レビュー
「○○になれたら、人生はもっと楽しくなる」「○○が手に入ったら、もっと幸せになれる」――。未来の幸せを目指して、自分を高めようとがんばっている人は多いだろう。
たしかに目標があるのはいいことだ。だが、著者で書道家の武田双雲氏は、何かを目指すことは「今の自分はそれに達していない」「足りていない」と自分へのマイナス評価につながると指摘する。理想の未来を思い描き、それに向かって邁進する「未来志向」。現代人が不安になりやすいのは、「未来志向」に一因があるのではないだろうか。
著者はそんな「未来志向」に一石を投じ、「今を生きる」ことの大切さを説く。「いつか」ではなく「今」幸せになって、つねに「いい気分」「いい機嫌」でいること。そうすることで、人生は幸せに満ちていくという。本書では未来志向を手放して、不安な状態から脱するためのコツを軽いタッチで紹介していく。
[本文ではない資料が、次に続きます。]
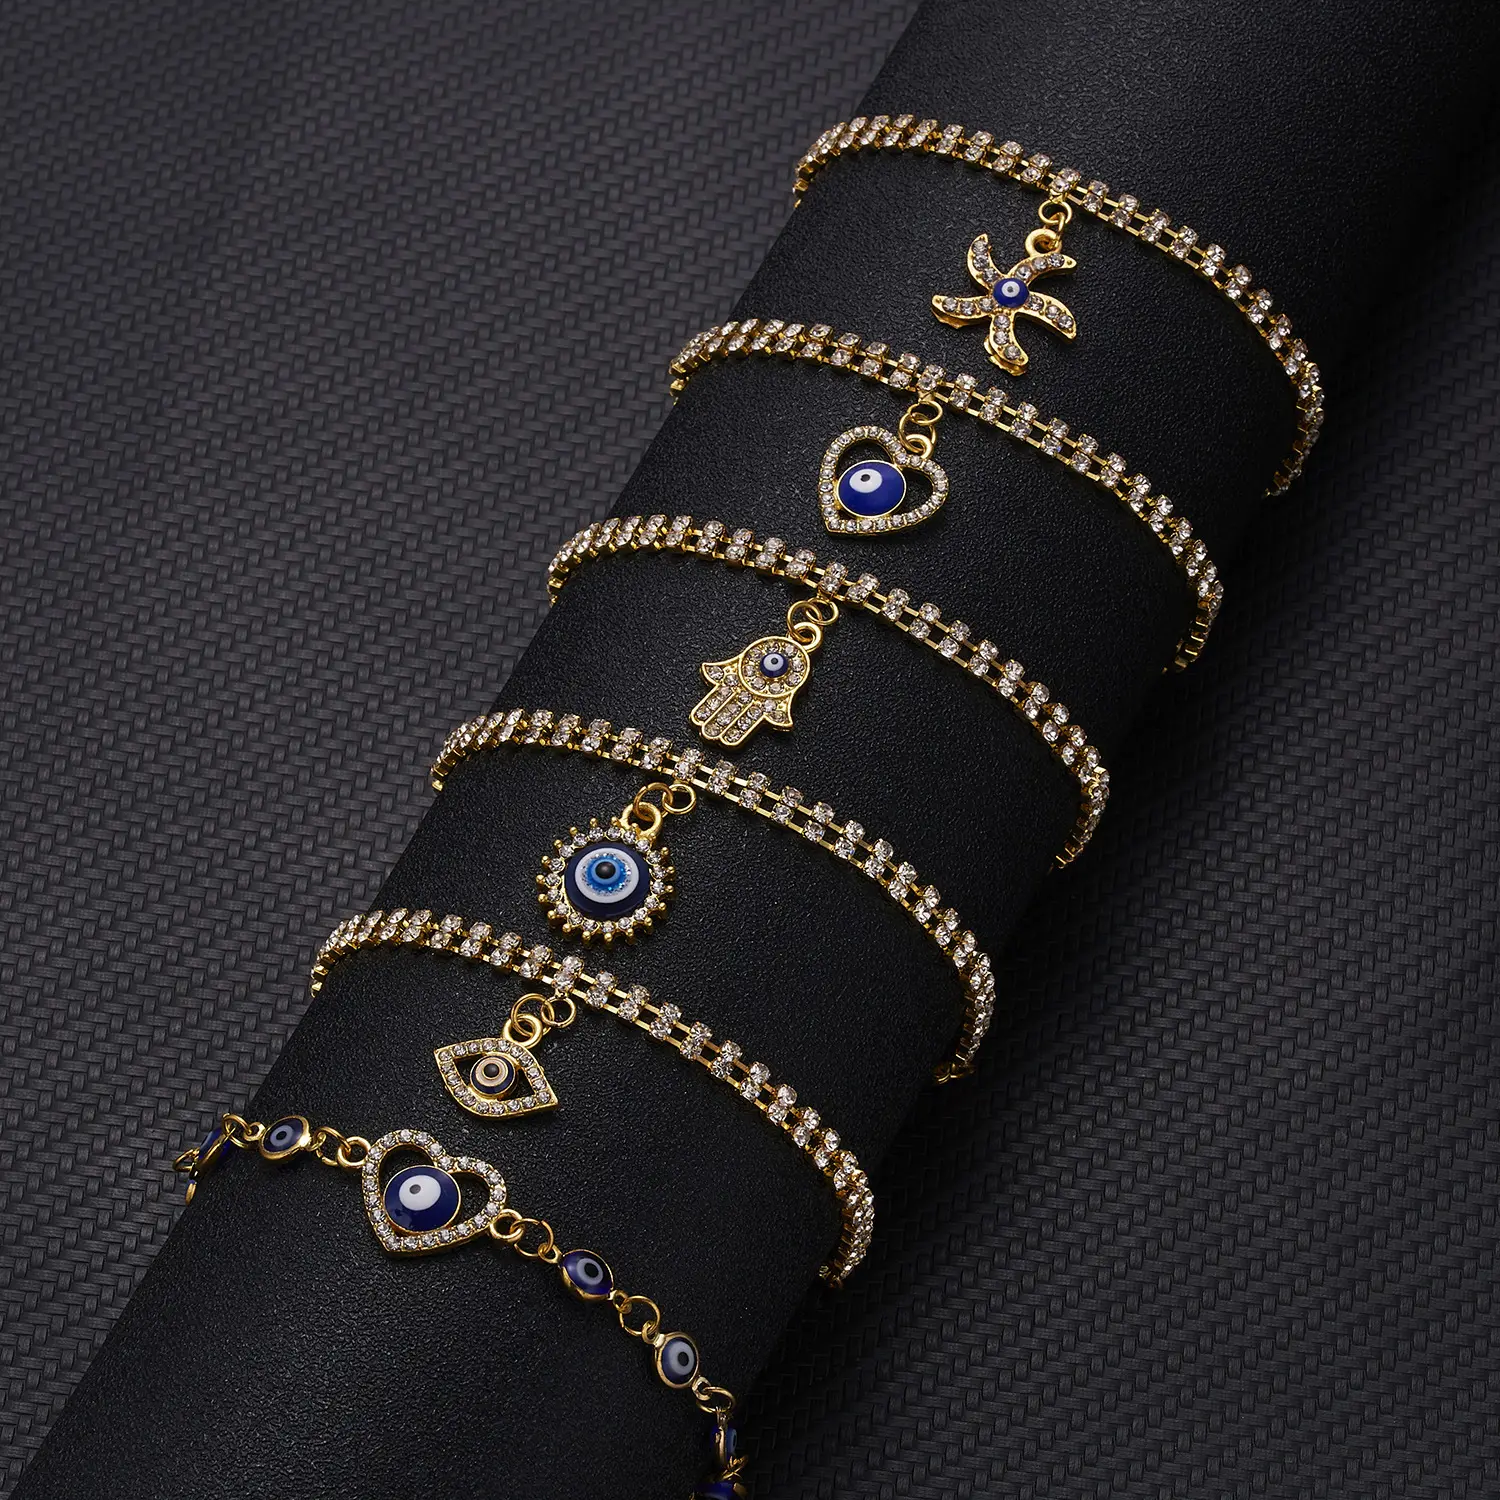 Cuoio placcato oro 18 carati bracciale a catena design gioielli 9 bracciali versare femmes palma geometrica occhi azzurri braccialetto di cristallo

本書は、著者と友人の編集者「ひつじ」との対話形式で進められる。ひつじは「いつも自由で幸せそうな双雲さん」にさまざまな質問を投げかける。著者の答えは自由闊達でスケールが大きく、私たちの想像を超える「宇宙レベル」のスケールだ。はじめは面食らっていたひつじだが、次第に著者の言葉を咀嚼して腹に落とし込んでいく。
本書の要点
・「未来志向」が強い現代は、現在より未来のほうが上だと思う傾向がある。夢や志を持つのはいいが、「夢が実現していない今は素晴らしくない」と考えてしまう危険性もある。
・「関心」にはとてつもない力がある。人間関係を改善したいなら相手をよく観て、関心を注ぐことだ。
・ほんの少しのことでも、毎日続けていくと大きな変化につながる。ポジティブな変化をコツコツ続けていくと、いつしか大きなリターンを得られるだろう。
・何ごとも丁寧にやることで、「今」に意識を向けることができる。